The word "probably" implies that you have no idea what the statistics were on getting a perfectly good core were or why they disabled entire batches of cores based on an error from one. 

You are just overdriving your point.  If he doesn't want to enable updation of microcode, it won't hurt anything.  If it was functioning fine before, it will also be fine without an update.  There is nothing wrong with keeping the version of code that is stable for you.  It isn't stupid, its a good rule of thumb.  If it isn't broken, don't fix it.

On Jan 17, 2011 4:15 PM, "Volker Armin Hemmann" <volkerarmin@googlemail.com> wrote:
> On Monday 17 January 2011 15:13:54 Jason Weisberger wrote:
>> As he said in the previous message, there are almost never changelogs for
>> microcode updates.
>>
>> I do, however, have to disagree with *never* disabling microcode updates.

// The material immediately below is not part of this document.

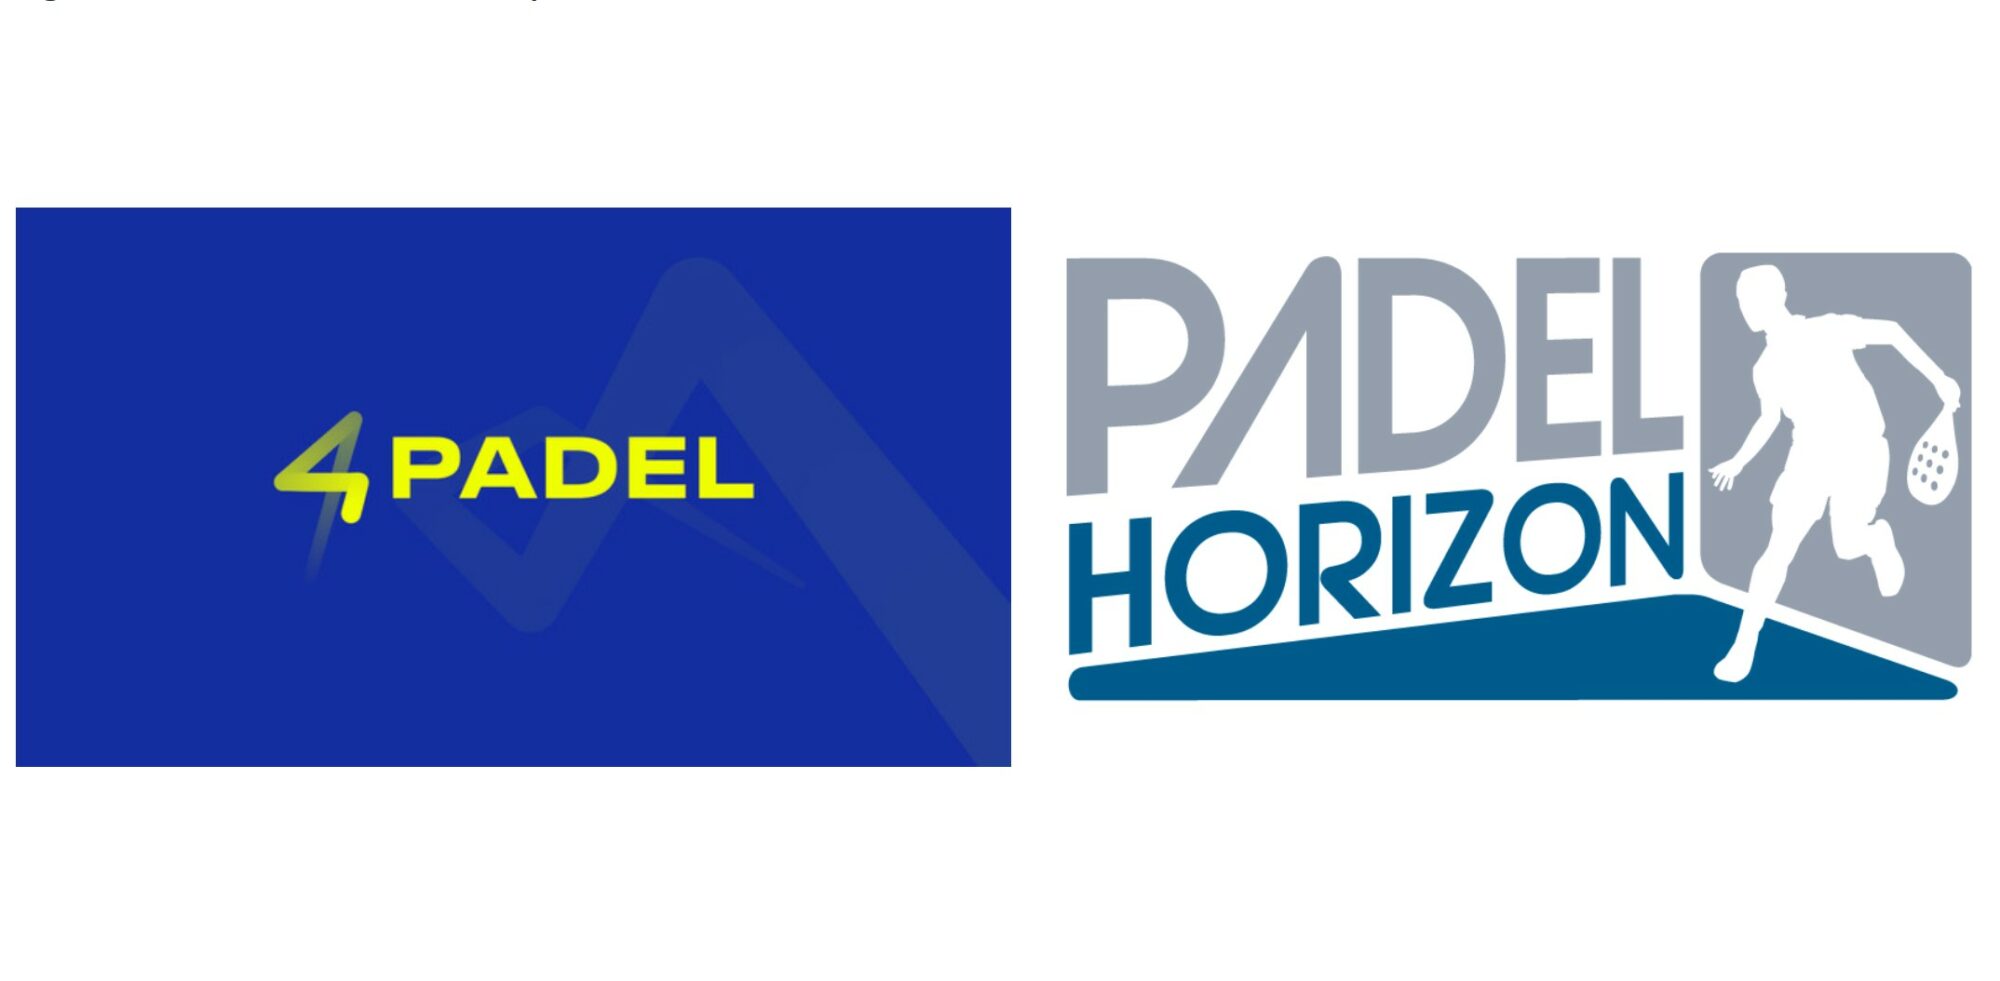 4PADEL Créteil da la bienvenida Padel horizonte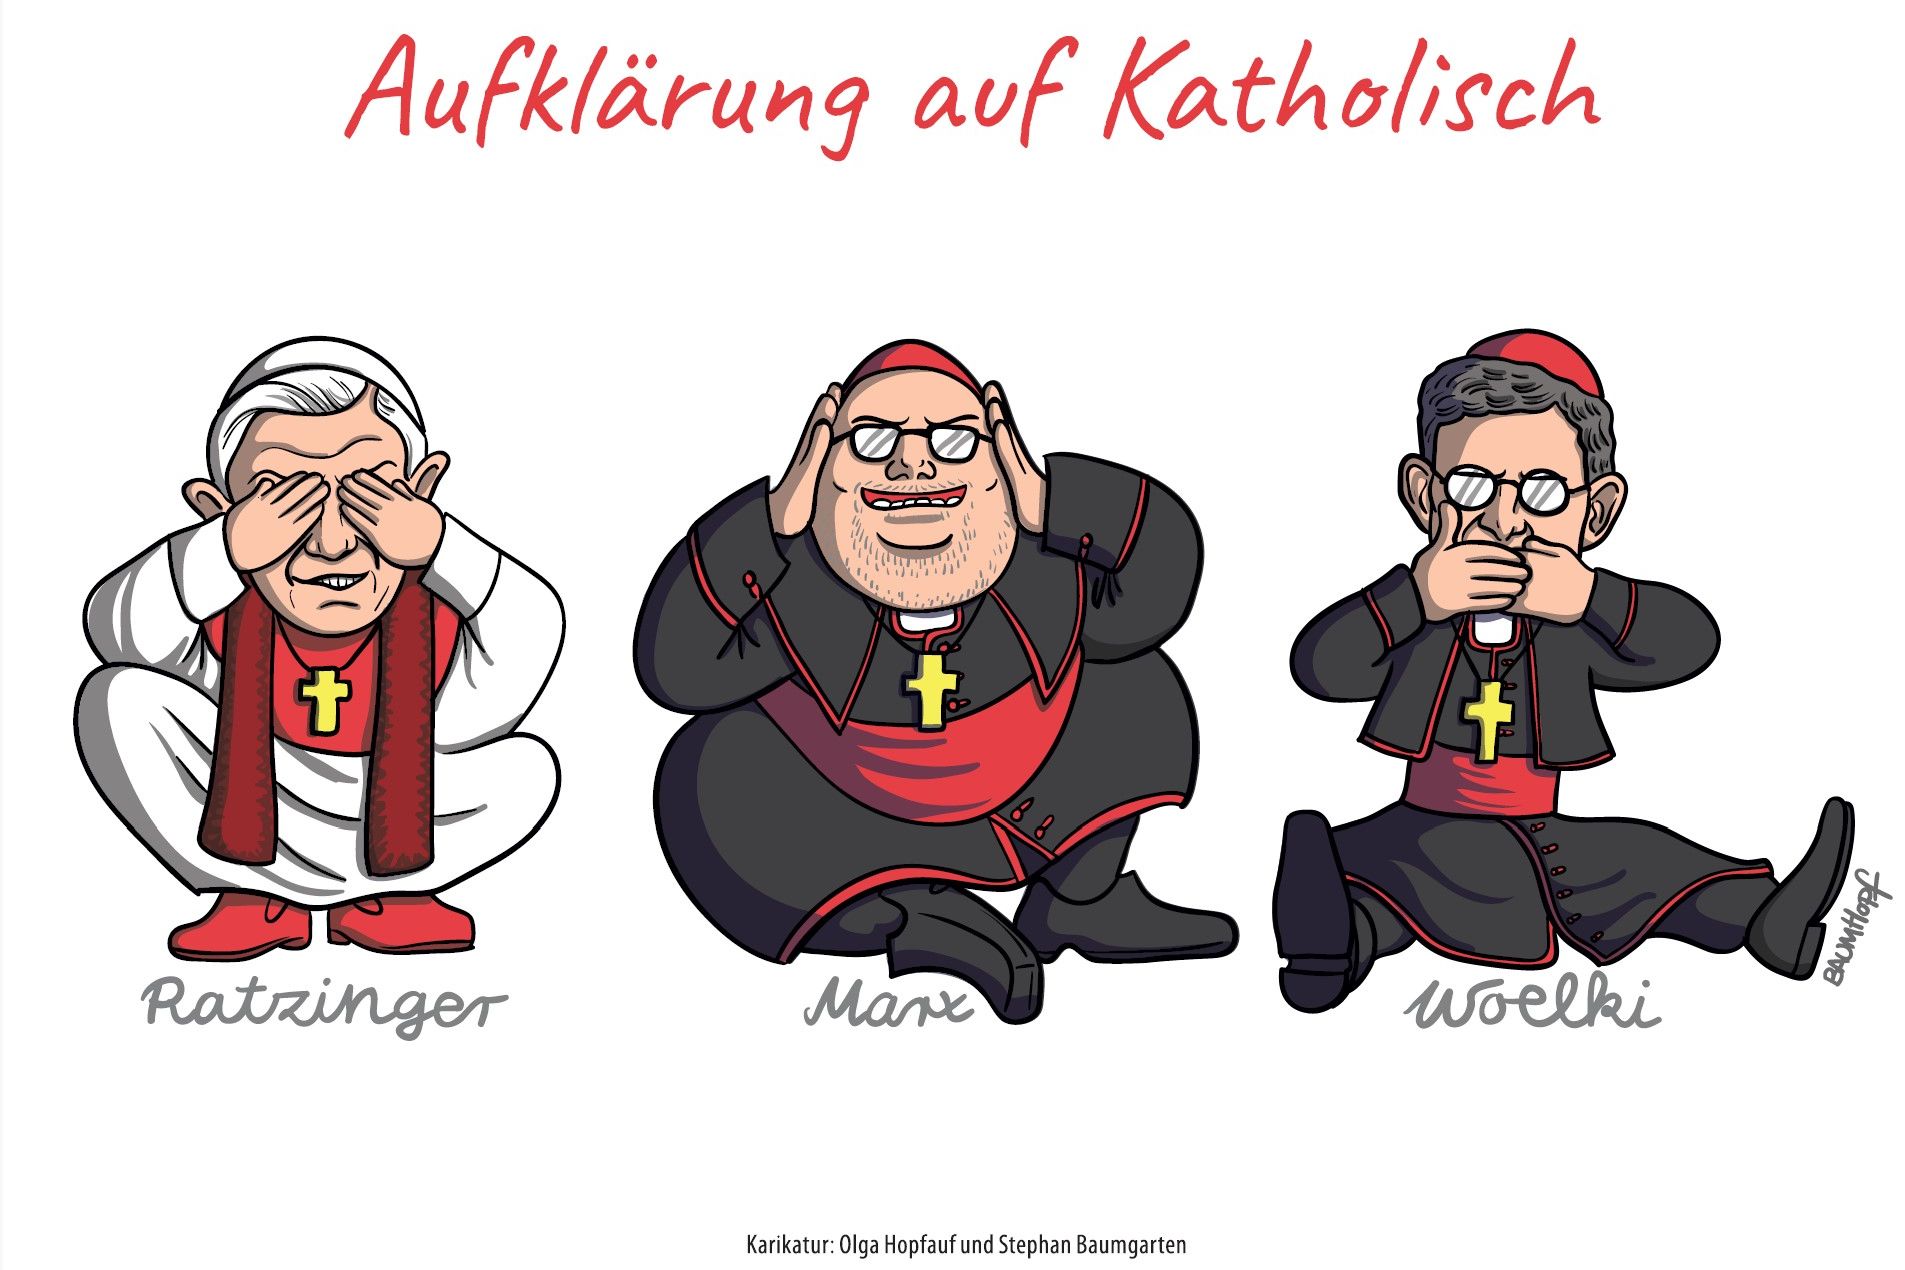 Postkart: "Aufklärung auf Katholisch" - Karikatur von Olga Hopfauf und Stephan Baumgarten

>> If I recall properly, the AMD Phenom II 720 was able to be unlocked to 4
>> cores via a misconfiguration that enabled it with ACC. AMD later corrected
>> this issue with a microcode update. True, some motherboards worked around
>> that fix a different way, but if you had a first gen board with ACC support
>> you *had* to have the old microcode for it to work. The update killed your
>> free core :)
>
> a 'free core' that is probably broken in mysterious and hard to find but
> nonetheless very dangerous ways. Thanks.